*TO DO:* In the records below, begin at the line containing "Alérgeno Huevo/Egg png transparent" and end at the line containing "Clarks - Alda"; quote every line in that span exactly, including both boundary lines, and no others.

*THE DATA:*
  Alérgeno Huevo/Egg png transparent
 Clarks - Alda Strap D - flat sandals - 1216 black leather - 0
---
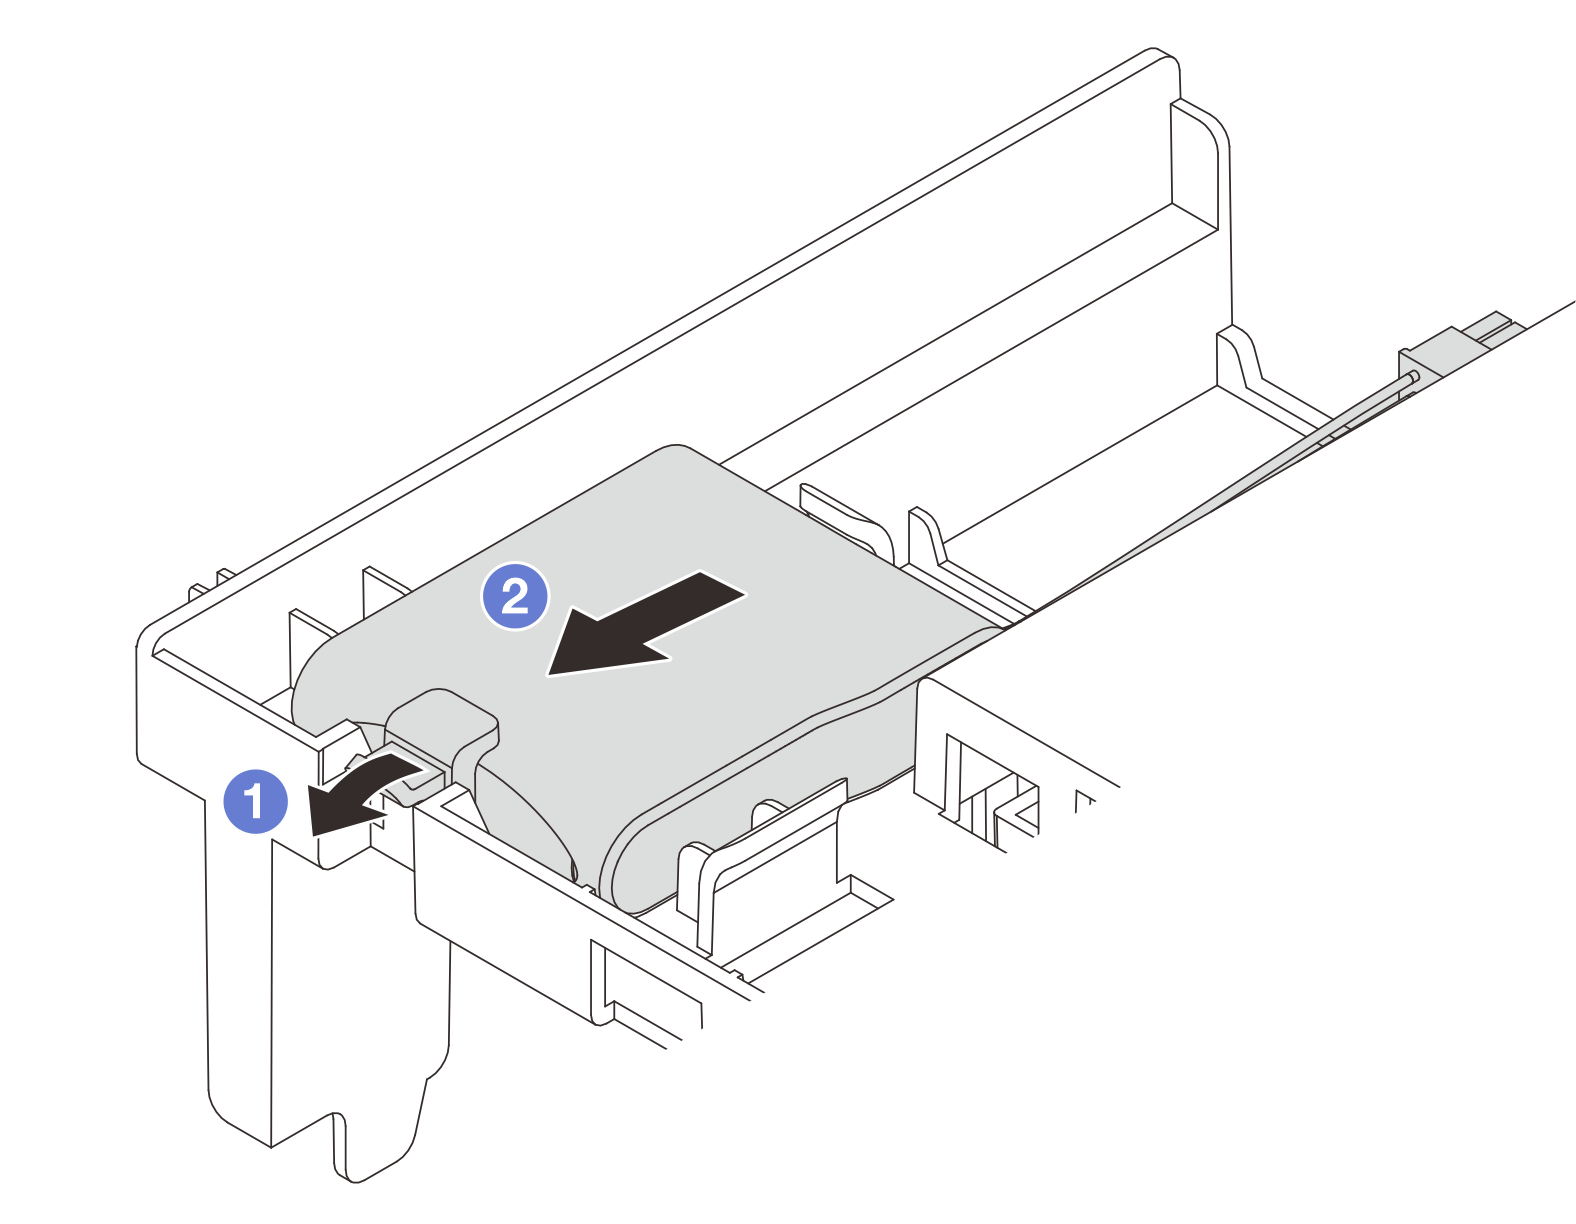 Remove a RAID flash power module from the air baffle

*SOLUTION TO THIS EXERCISE:*
  Alérgeno Huevo/Egg png transparent
 Clarks - Alda Strap D - flat sandals - 1216 black leather - 0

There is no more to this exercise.